Paavo Blåfield |
1 Nozizeption und Schmerz – physiologische Grundlagen
Einführung in die physiologischen Grundlagen
Annekathrin Robl
Was macht die Schmerzverarbeitung besonders? Warum nehmen wir Schmerzen unterschiedlich wahr? Wie kann man Schmerz verstehen und einteilen? Wie entsteht chronischer Schmerz?
1.1 Definition Schmerz
Schmerz
Schmerz ist ein unangenehmes Sinnes- und Gefühlserlebnis, das mit tatsächlicher oder potenzieller Gewebeschädigung verknüpft ist oder mit Begriffen einer solchen Schädigung beschrieben wird.
(International Association for the Study of Pain, IASP 1994)
Diese Definition zeigt, dass sich Schmerz wie ein komplexes Puzzle aus verschiedenen Teilen zusammensetzt und nur als Ganzes betrachtet fassbar wird.

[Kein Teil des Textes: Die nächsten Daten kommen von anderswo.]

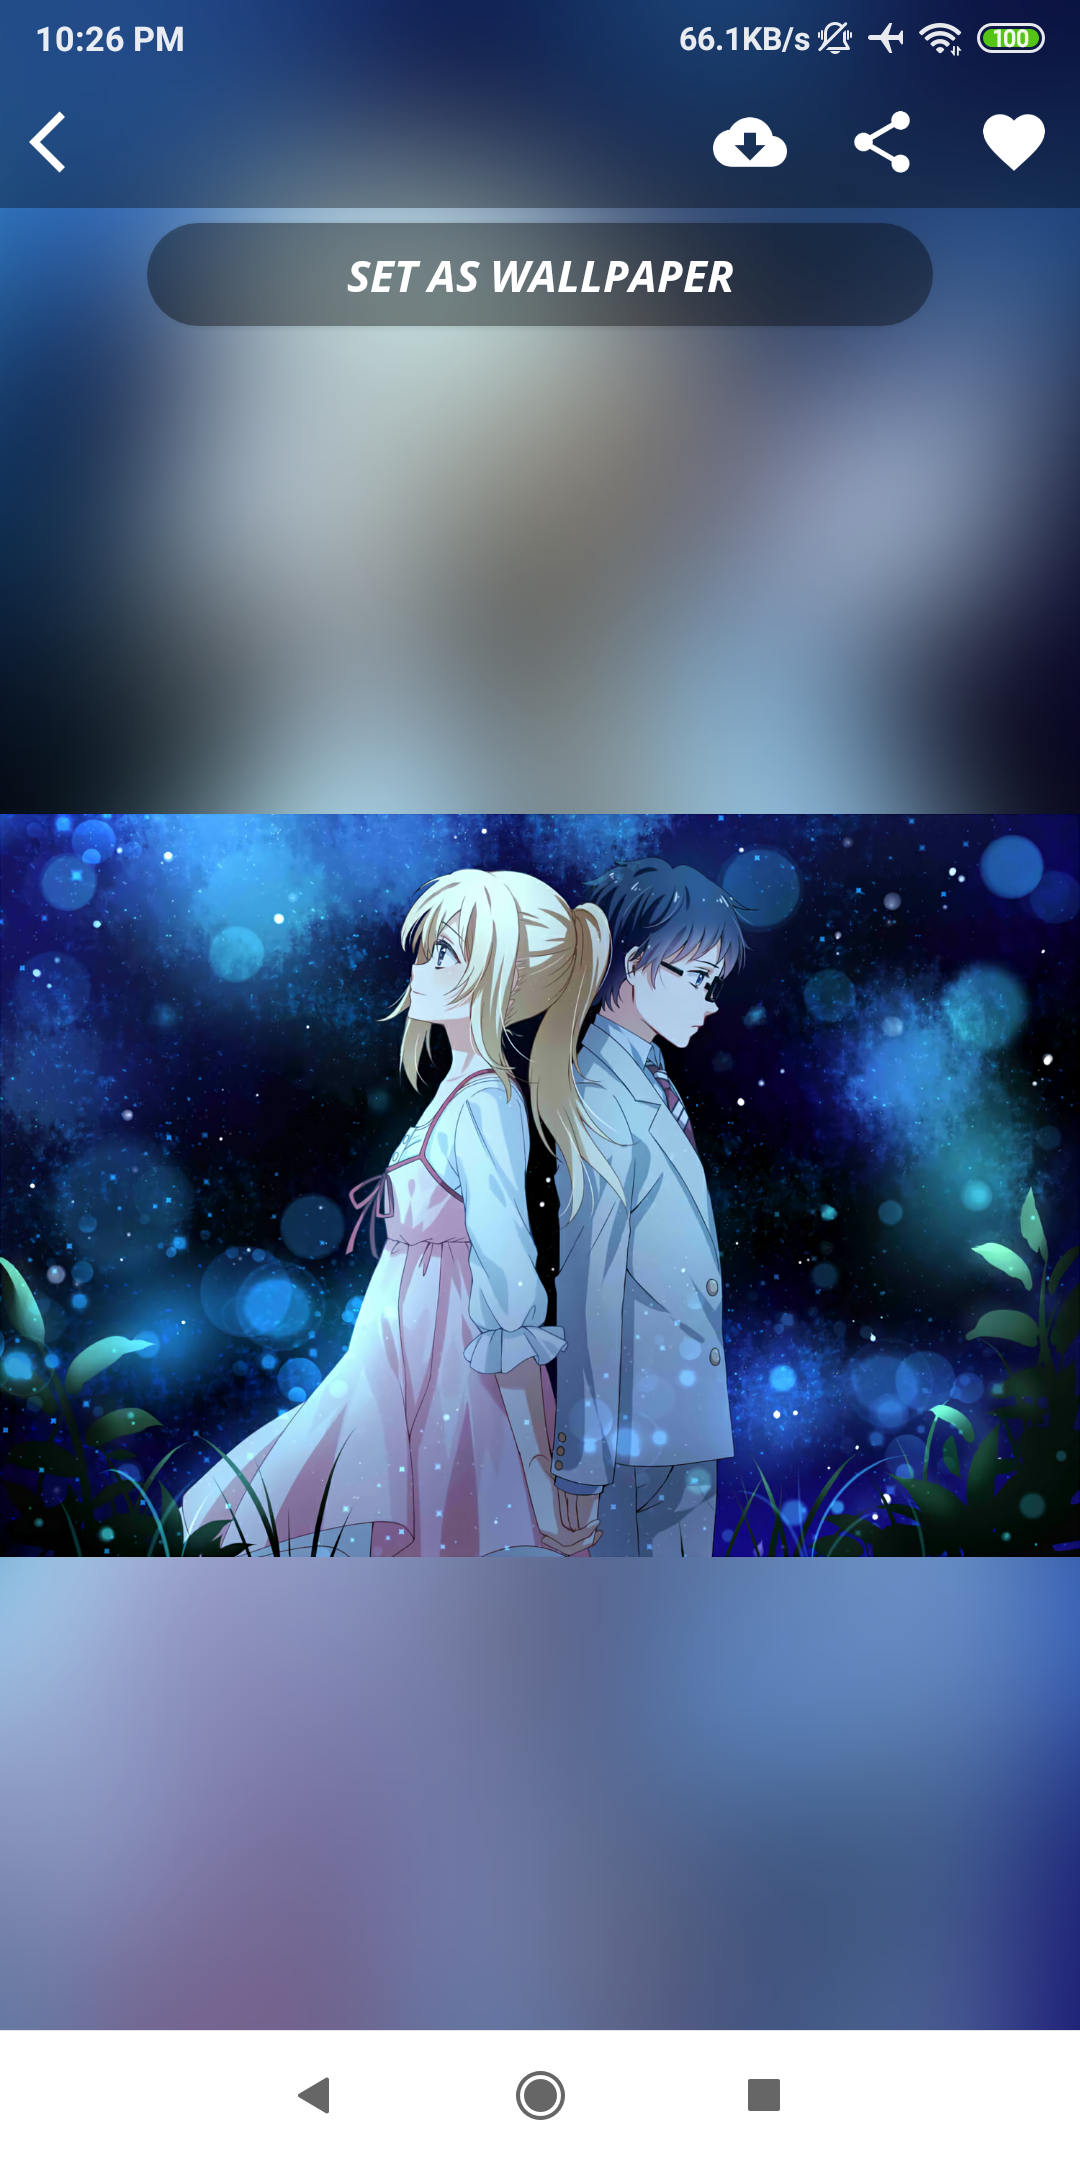 +100000 Anime Wallpaper APK 4.2.1 for Android – Download +100000 Anime
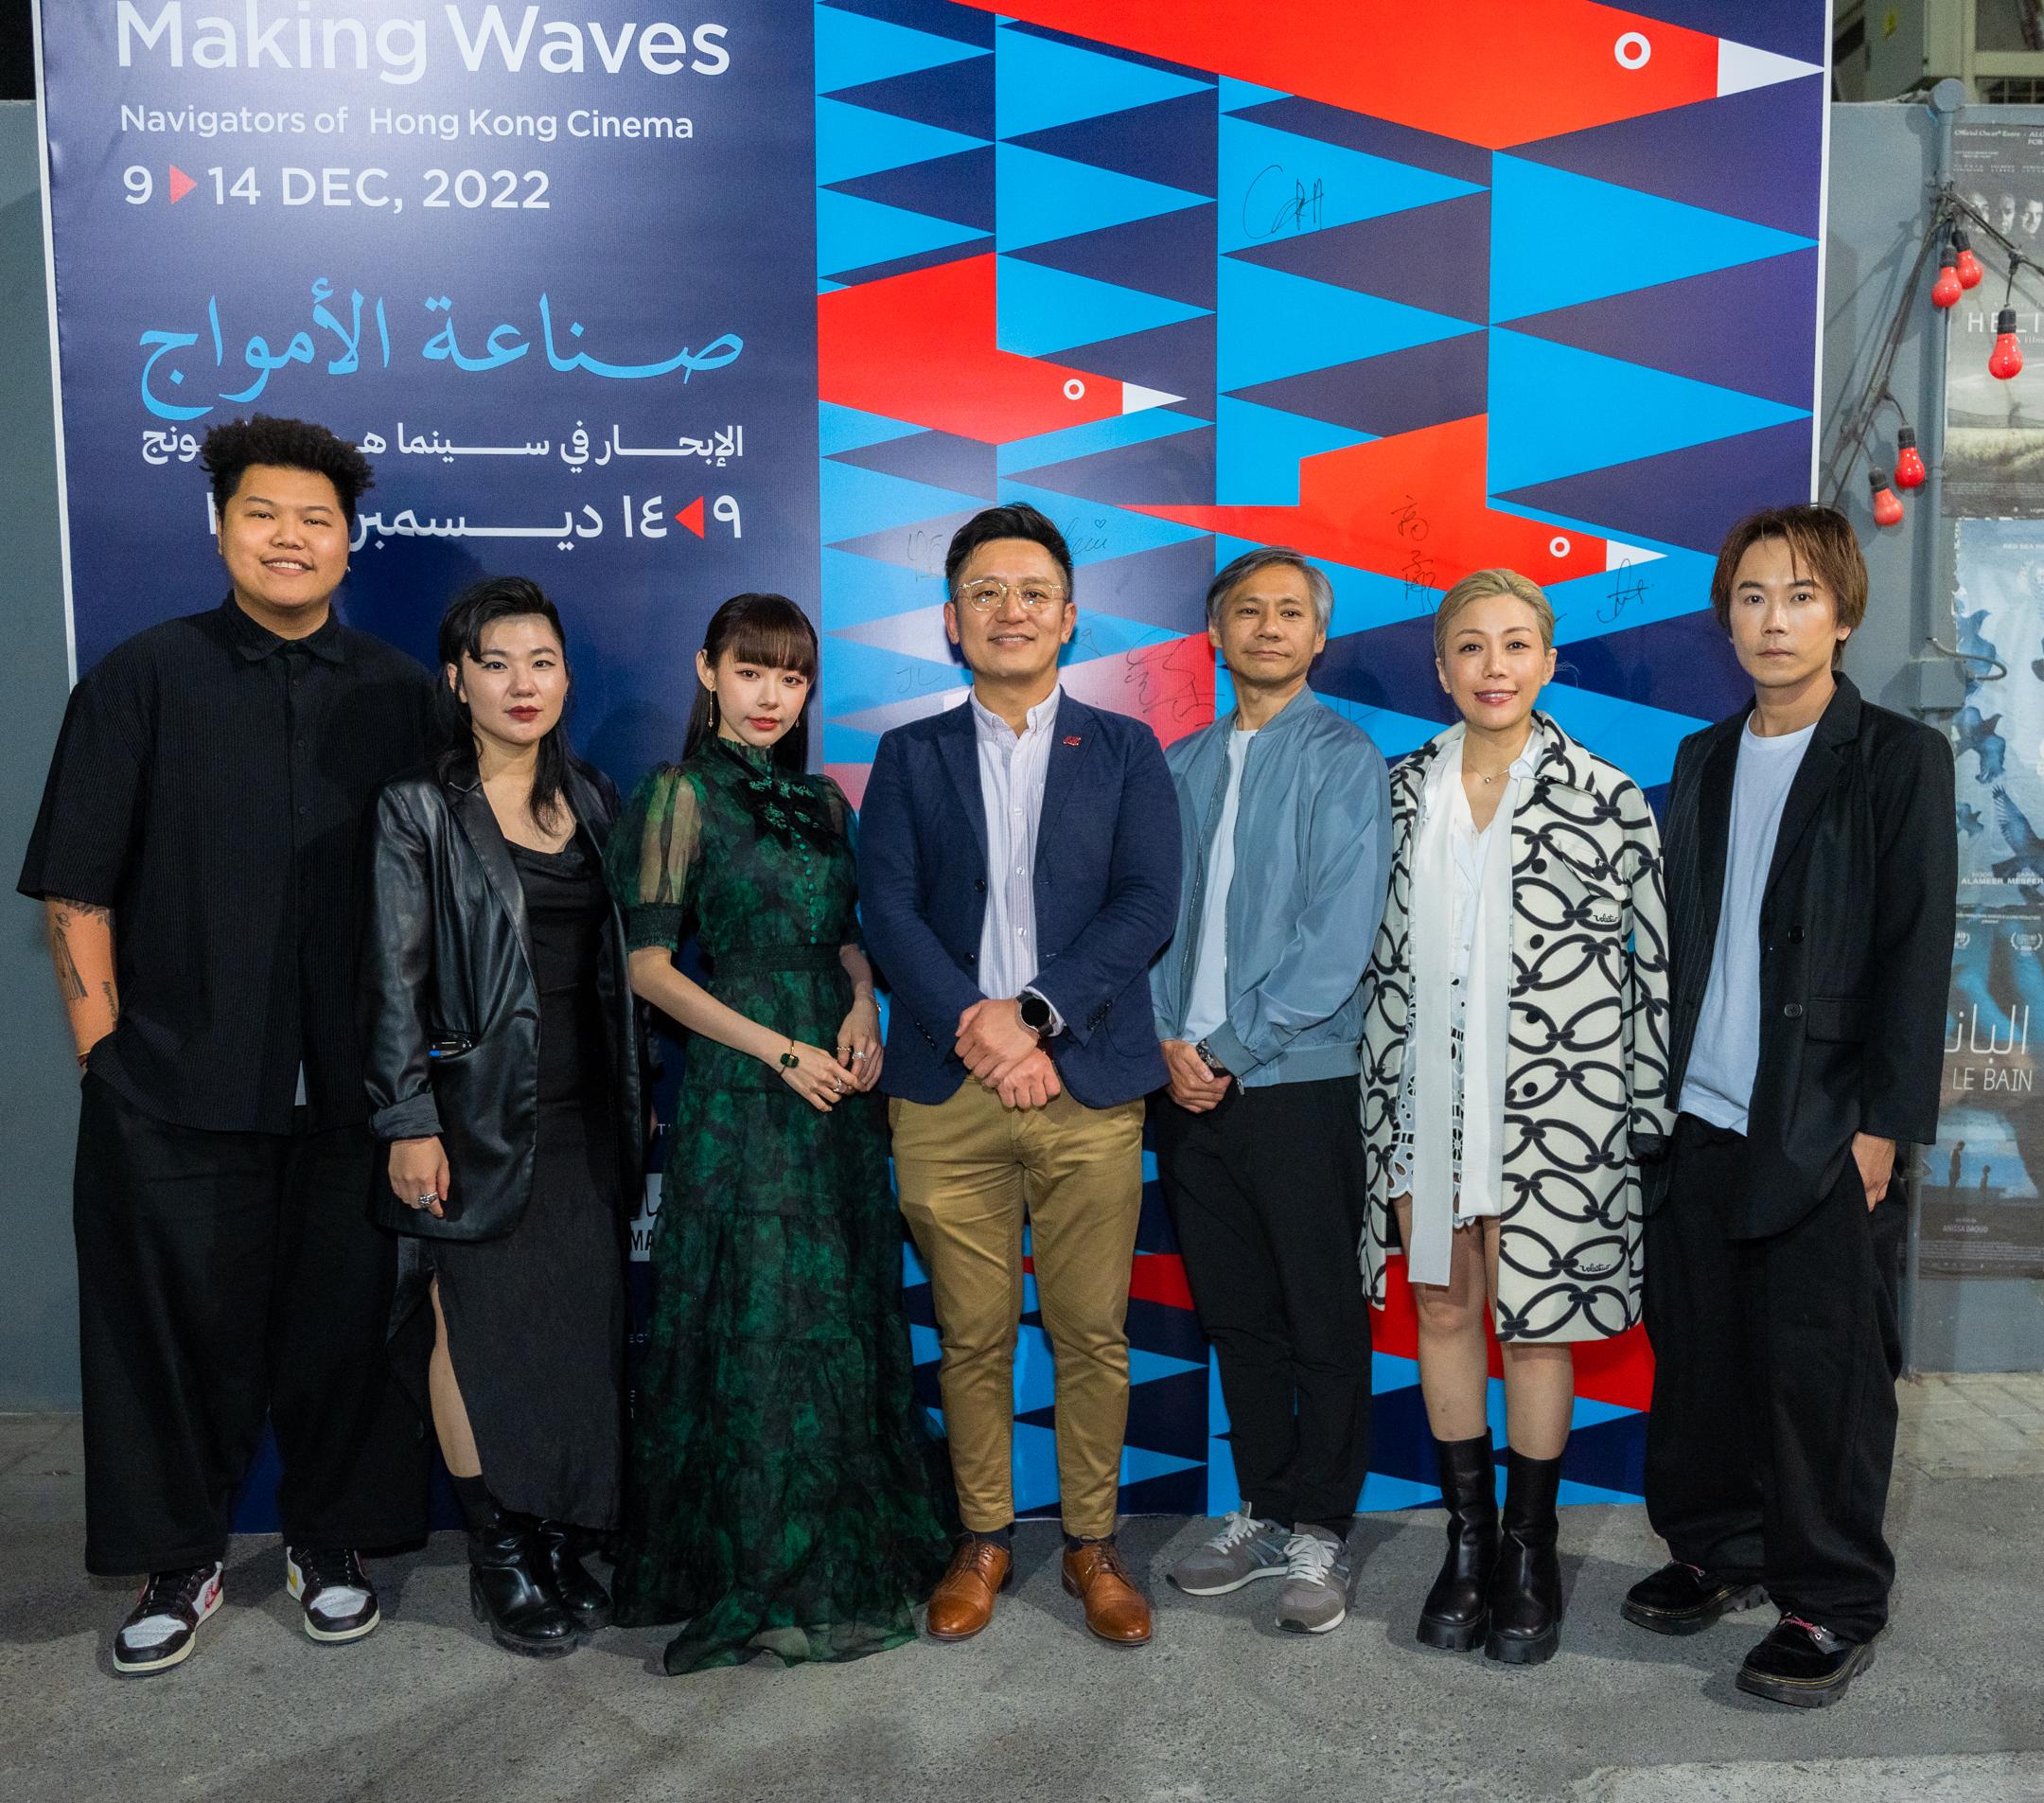 With the support of the Hong Kong Economic and Trade Office in Dubai (Dubai ETO), the "Making Waves - Navigators of Hong Kong Cinema" film programme completed its 15th and final stop successfully in Dubai from December 9 to 14 (Dubai time). The globe-trotting event, presented by Create Hong Kong in collaboration with the Hong Kong International Film Festival Society, celebrated the 25th anniversary of the establishment of the Hong Kong Special Administrative Region. Photo shows the Director-General of the Dubai ETO, Mr Damian Lee (fourth right), pictured with Hong Kong film directors Chiu Sin-hang (first right), Kearen Pang (second right), Ricky Ko (third right) and Coba Cheng (first left), with actress Lin Min-chen (third left), as well as Hong Kong unit photographer Quist Tsang (second left) before the opening film screening.

1.1.1 Komponenten der Schmerzempfindung
Die Komponenten der Schmerzempfindung sind:
sensorisch-deskriminativ
affektiv-motivational
kognitiv
vegetativ
motorisch
1.1.2 Akuter Schmerz
Der akute Schmerz hat eine sinnvolle und sogar lebenserhaltene Funktion. Er warnt den Organismus vor drohenden Beschädigungen und hilft, diese abzuwenden, indem er Reaktionen zum Schutz des Körpers in Gang setzt. So löst eine Schmerzwahrnehmung in einer Körperregion die entsprechende Schutzreaktion aus, z.B. das Wegziehen der Hand von der heißen Herdplatte (sensorisch-deskriminative und motorische Komponente) oder bei großer Gefahr alle Kräfte zu mobilisieren, um zu entfliehen, z.B. Kampf und Flucht (vegetative, kognitive und motorische Komponente). Zudem fördert akuter Schmerz die Wundheilung, indem die verletzte Körperregion vom Körper ruhiggestellt wird (Schonhaltung) ▶ [5].
1.1.3 Chronischer Schmerz
Chronischer Schmerz
Verliert der Schmerz seine sinnvolle Melde-, Schutz- und Heilfunktion und bildet sich der Schmerz nicht innerhalb von 3 bis 6 Monaten nach Ausheilung des Gewebedefekts zurück, spricht man von chronischem Schmerz.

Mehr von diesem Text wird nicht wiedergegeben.